Chi desidera essere un Cristiano vero, come lo furono quelli di 2000 anni or sono, non festeggerà e non parteciperà a simili festeggiamenti in ossequio alla volontà di Dio e al rispetto dei suoi inse­gnamenti. Ciò non significa che i Cristiani non debbano amare l’allegrezza, la compagnia, l’amicizia! Ma la loro allegrezza non è dovuta al vino o ai pasti eccessivi, ma alla consapevolezza di aver trovato Cristo e la sua verità. I Cristiani si rallegrano e fanno festa ma non hanno bisogno per questo di osservare giorni e feste pagane, contrarie alla divina volontà.

Il Cristiano è la luce del mondo e il sale della terra e dunque deve insegnare ai propri figli e a coloro che lo circondano le cose giuste buone e sante che vengono dalla volontà di Dio. Non inganniamo i nostri figli dicendo: «Sono piccoli» o i nostri parenti dicendo: «In fondo che male c’è?», perché quello che uno semina quello pure mieterà (Galati 6:7) Paolo ci esorta: “Conducetevi come figliuoli di luce… E non partecipate alle opere infruttuose delle tenebre; anzi piuttosto riprendetele” (Efesini 5:8‑11).

Non sarebbe forse più bello, onorevole, giusto spiegare ai nostri figli, parenti e amici come stanno veramente le cose con la Parola di Dio alla mano, piuttosto che farci risucchiare nel vortice consumistico‑religioso?

Non sarebbe più produttivo ed efficace un comportamento coerente con gli insegnamenti di Gesù che mostrerebbe la nostra fede anche con i fatti e non solo a parole?

Perché, invece di riprendere le opere infruttuose delle tenebre, molto spesso i Cristiani si lasciano coinvolgere e soffocare da esse?

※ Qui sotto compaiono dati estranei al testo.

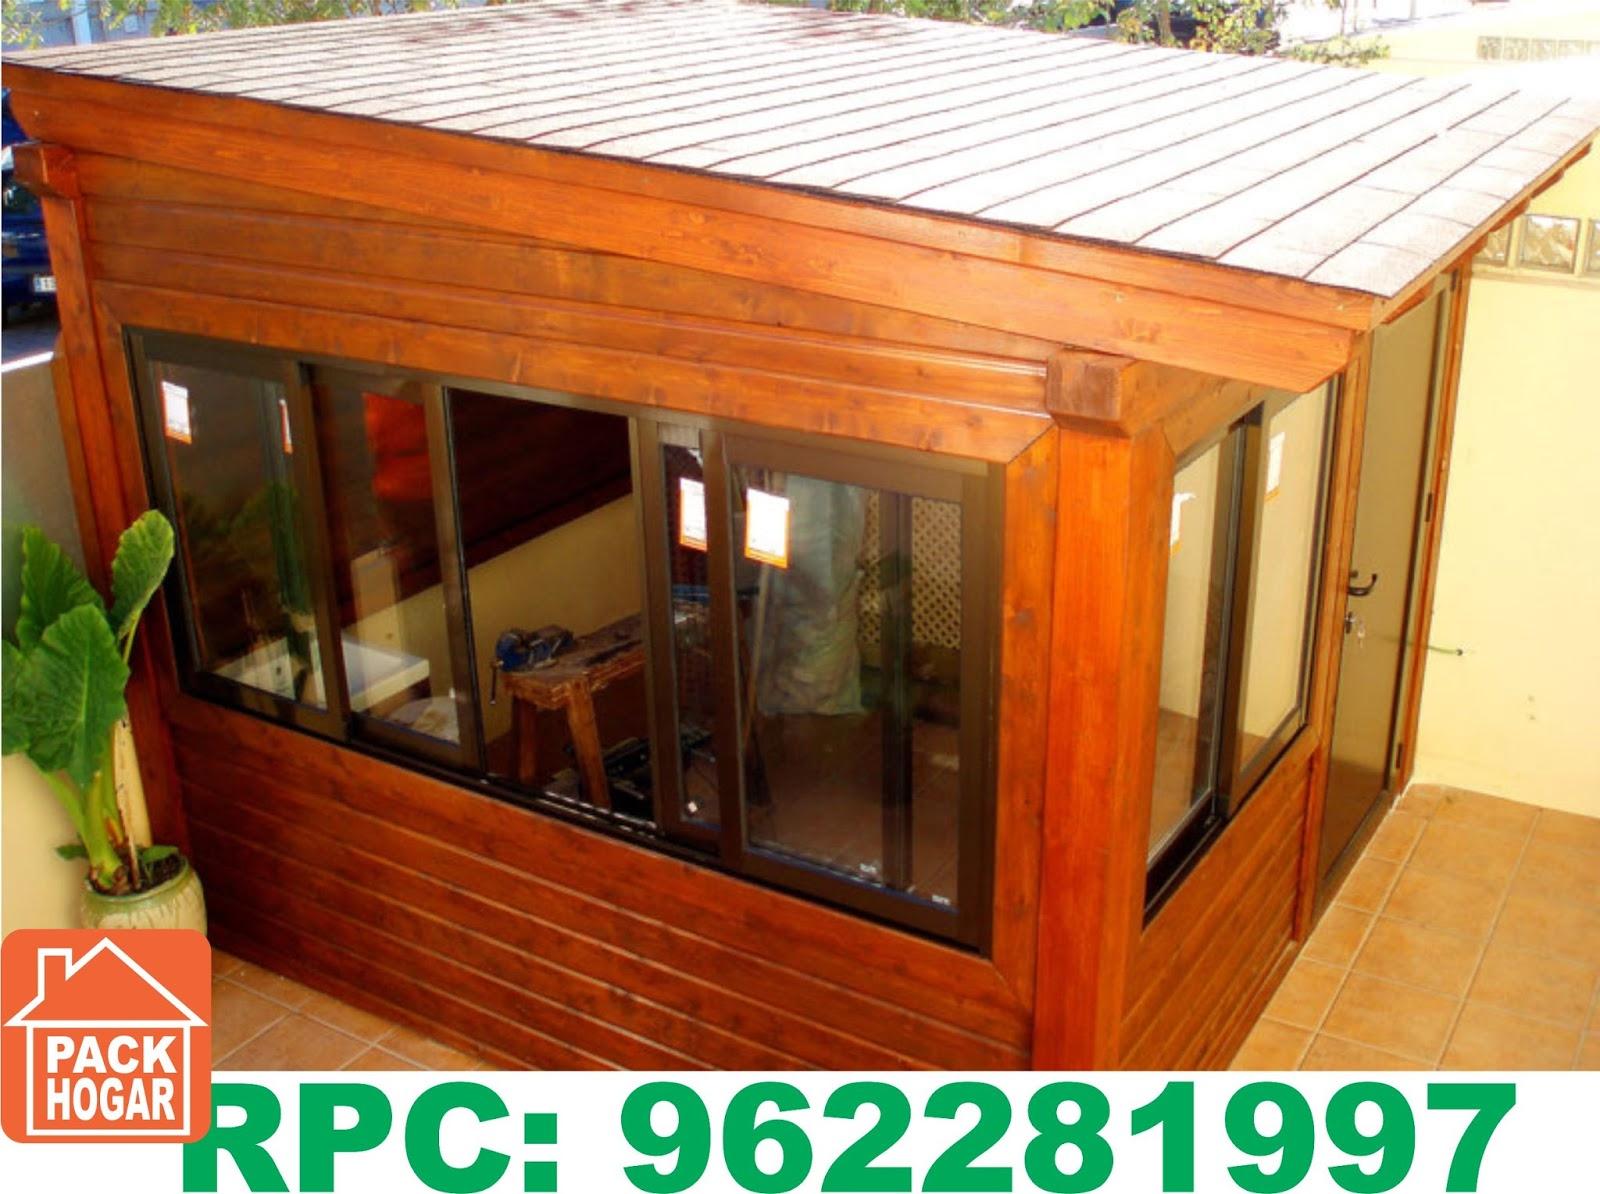 Casetas modulos prefabricadas de madera for Casetas madera jardin baratas

L’Apostolo Paolo confessò ai Filippesi di aver reputato spazzatura a motivo di Cristo, le cose che prima gli erano guadagno (Filippesi 3:7), e ancora rivolgendosi ai Galati che osservavano dei giorni particolari scrive con molta delusione ed amarezza: “Voi osservate giorni e mesi e stagioni ed anni. Io temo, in quanto a voi, di essermi invano affaticato per voi” (Galati 4:10‑11). Quanta tristezza in queste parole dello Spirito Santo che purtroppo ancora oggi si rivolgono a tutti coloro che dicendosi Cristiani e dicendo di non credere al Natale, tuttavia si lasciano coinvolgere dai festeggiamenti, non riescono ad insegnare ai propri figli la verità, non riescono a dire di no ai parenti…

Riflettiamo amici e fratelli; la nostra responsabilità è quella di «amare» (cioè di rispettare la volontà di Dio) in concreto e non astrattamente: “Non amiamo a parole e con la lingua, ma a fatti e in verità” (1Giovanni 3:18).